The New York Times reports an Arizona law against Planned Parenthood funding that went into effect last May was overturned this February by Federal Judge Neil V. Wake.  The law blocked State financing for Planned Parenthood health clinics because the clinics also performed abortions.

In Federal District Court, the law unconstitutionally denied individuals on Medicaid the ability to choose health services and “the Arizona act violates the freedom of chose provision of the Medicaid Act precisely because every Medicaid beneficiary has the right to select an qualified health care provider,” Judge Wake ruled. This is similar to Medicaid conflicts in Alaska, but was overturned as it prevented any services through Planned Parenthood uncovered by Medicaid; Planned Parenthood provides much more than abortions. 

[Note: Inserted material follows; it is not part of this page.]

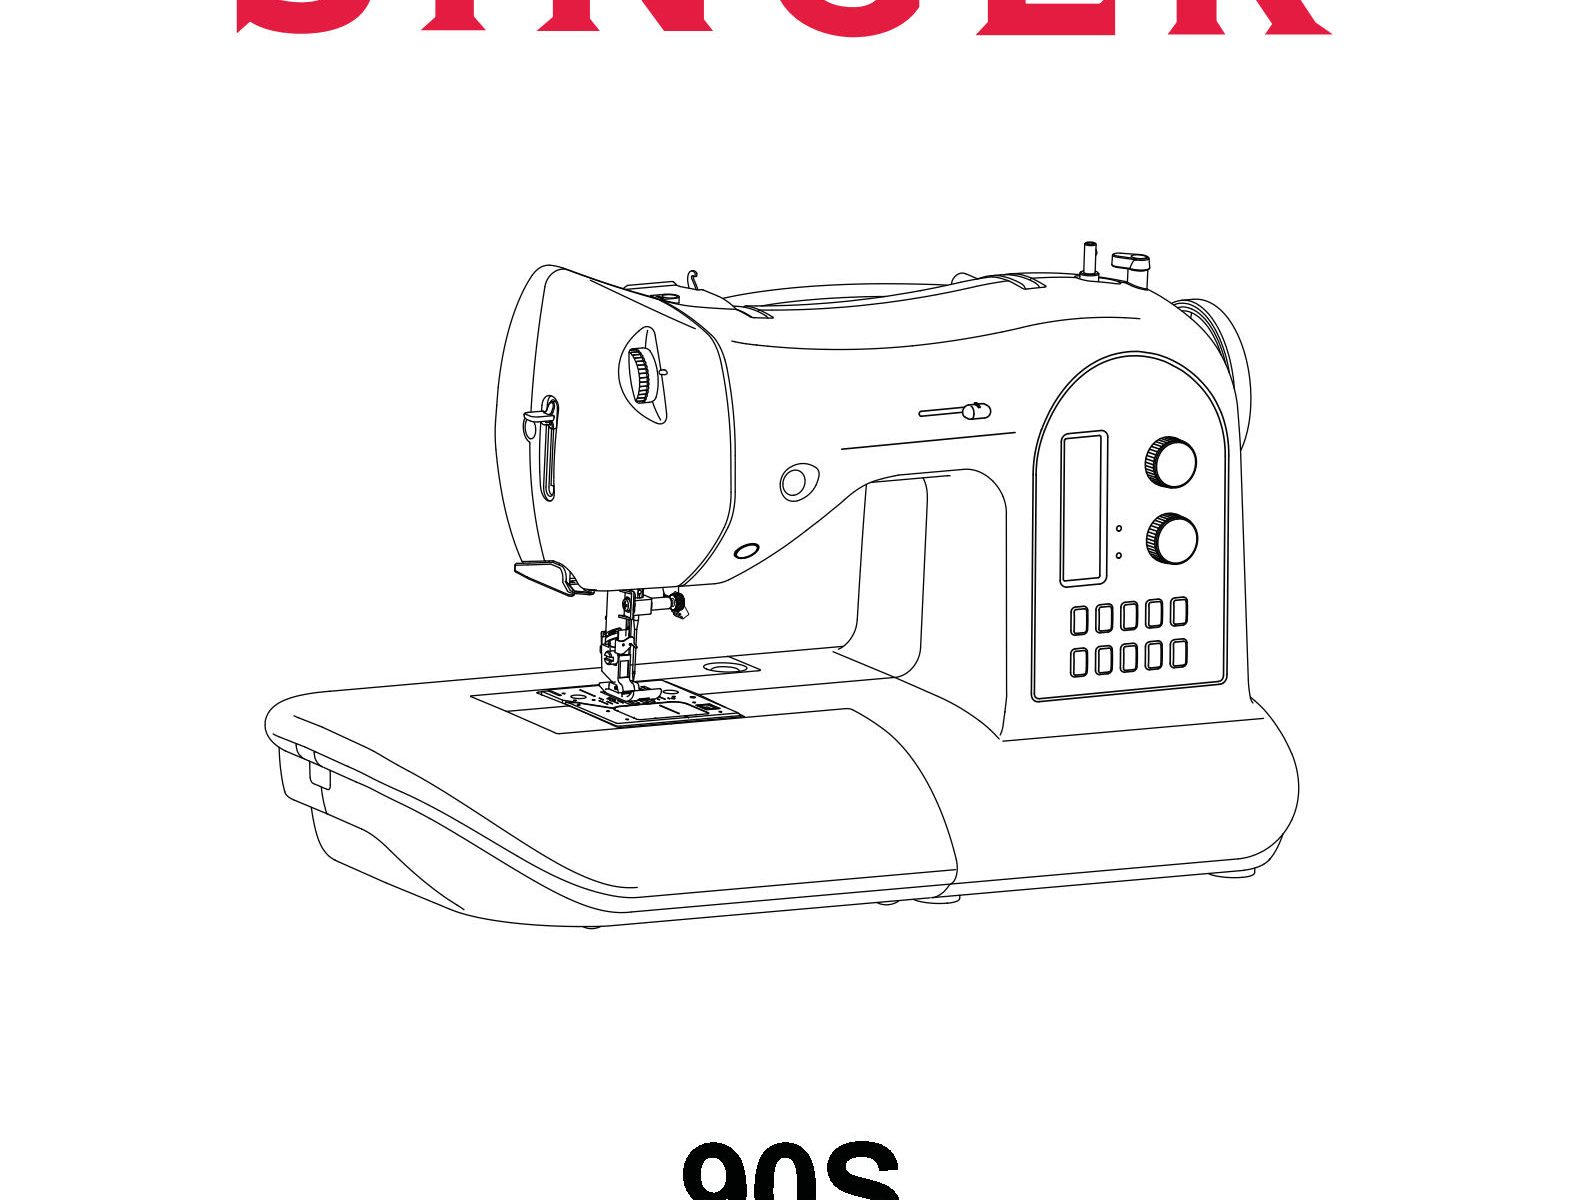 Singer 90s

Arizona, which had the widest over all ban — not allowing Medicaid insured to use Planned Parenthood health clinics — was federally ruled unlawful. In Alaska, their similar desire to prevent state finances from covering abortions is more detailed with red tape, but Senator Coghill’s guidelines may more than likely be deemed as unconstitutional as well — due to the treatment of pregnant women who desire abortions second citizens to pregnant women those who do not. Alabama’s passed Women’s Health and Safety Act is a disguised scenario that will make abortions in the state much more difficult and more expensive, Medicaid or not. 

Arkansas’s Human Heartbeat Act is the most blatantly conservative act limiting abortion and women’s rights, deeming that fetuses with a heartbeat cannot be terminated in the state. Some states are very determined to continue limits on abortions removing accessibility to health procedures to a portion of citizens. Overturns and vetoes aid in the fight to ensure the rights of American citizens, but the jury is still out.